Last week, California businesses won another victory in the continuing debate over whether the Proposition 65 warning requirement applies to acrylamide in food and beverage products.
In a March 17 ruling, the Ninth Circuit U.S. Court of Appeals rejected an appeal from the Council for Education and Research on Toxics (CERT) and affirmed last year’s preliminary injunction barring the California Attorney General and anyone else from filing new lawsuits against businesses to enforce the Proposition 65 warning requirement for the presence of acrylamide in food and beverage products.
The California Office of Environmental Health Hazard Assessment (OEHHA) added acrylamide to the Proposition 65 list of carcinogens in 1990, but acrylamide was not detected in foods until 2002.
Acrylamide is not intentionally added to food products but instead is formed naturally as a result of cooking or heating certain foods, such as coffee, roasted nuts, and breads, to name a few.
The pervasive nature of acrylamide in everyday food and beverage products has made it an obvious target for Proposition 65 private enforcers, who have already collected millions of dollars in attorney fees and costs against businesses.
In October 2019, CalChamber filed its First Amendment lawsuit against the California Attorney General in federal district court, challenging as unconstitutional the Proposition 65 warning requirement for cancer as applied to acrylamide in food and beverage products.
The CalChamber filed an amended complaint on March 16, 2020 seeking a preliminary injunction prohibiting the Attorney General and private enforcers of Proposition 65 from filing or prosecuting new lawsuits to enforce the warning requirement for cancer as applied to acrylamide in food and beverage products.
The CalChamber argued that under the U.S. Supreme Court decision in Zauderer v.
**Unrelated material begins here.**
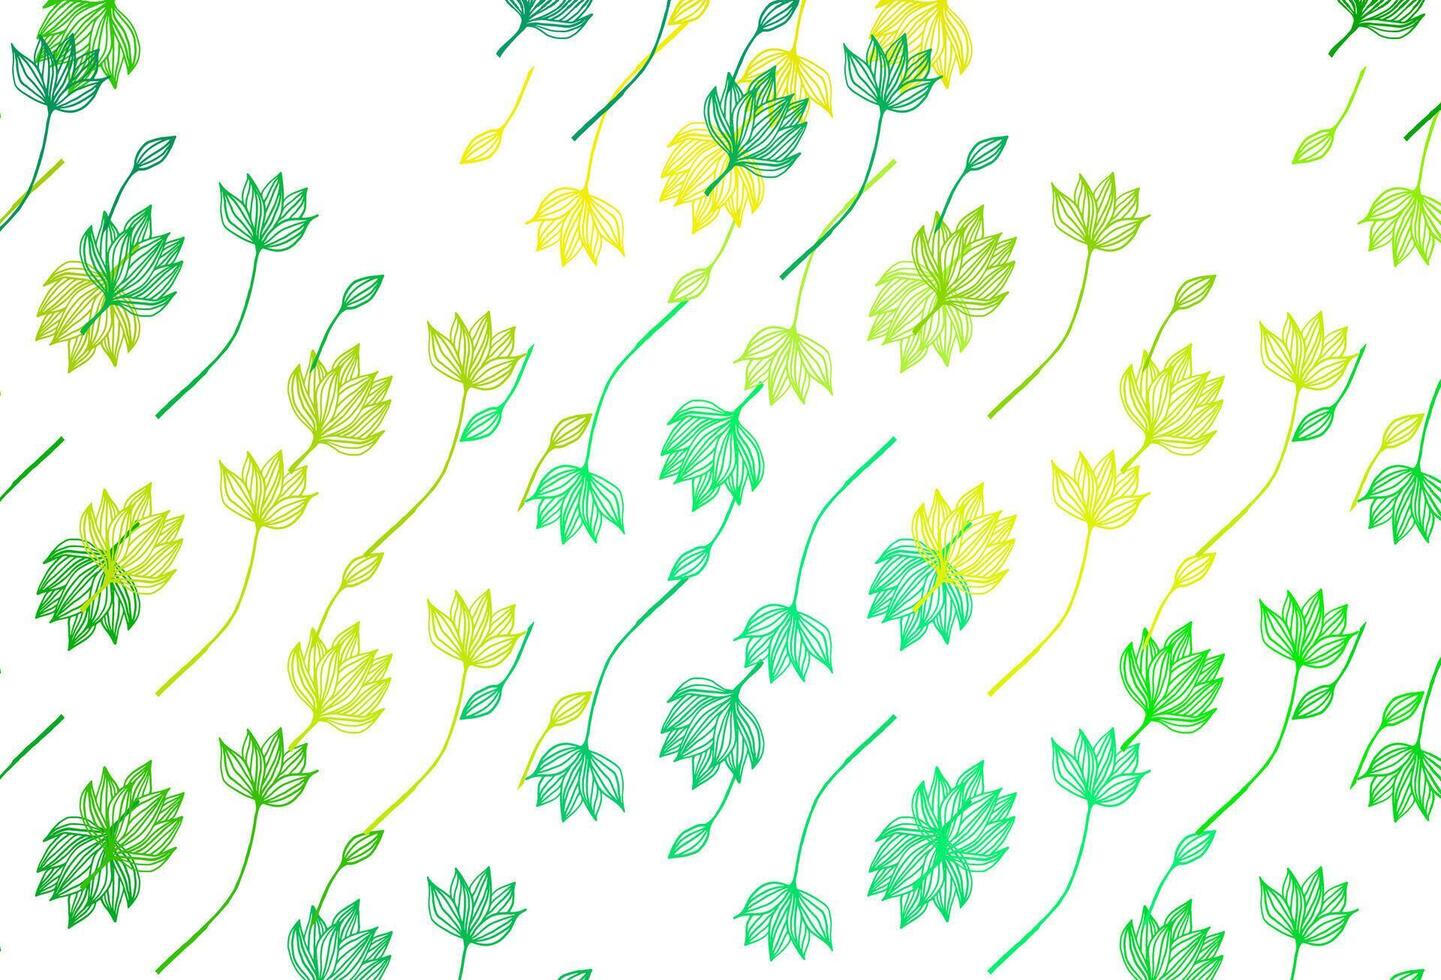 ljusgrön, gul vektor doodle mönster.

Office of Disciplinary Counsel, 471 U.S. 626 (1985), the State cannot compel commercial entities to disclose information about their products that is not “purely factual and uncontroversial.”
CalChamber’s epidemiologist and a toxicologist, as well as a key state scientist, provided expert testimony showing California does not know that acrylamide causes cancer in humans.
Appeals Court Ruling
A panel of Ninth Circuit judges upheld Chief U.S. District Judge Kimberly J. Mueller’s decision that the state had not carried its burden of showing that Proposition 65 warnings for acrylamide in food are purely factual and uncontroversial. The Ninth Circuit ruling pointed to robust disagreement by reputable scientific sources over whether acrylamide in food causes cancer in humans.
The Ninth Circuit ruling also upheld the district court’s conclusion that a Proposition 65 warning for acrylamide is misleading. The state of California, the ruling stated, does not know if acrylamide causes cancer in humans.
According to the Ninth Circuit, the record supported the district court’s finding that the Proposition 65 enforcement regime created a heavy litigation burden on manufacturers that use alternative warnings rather than the approved safe harbor warning in California’s health and safety regulations.
With the March 17 Ninth Circuit decision, future Proposition 65 litigation pertaining to acrylamide in food and beverage products will be blocked until the court issues a final ruling. The case also may have major implications for other Proposition 65 listed chemicals.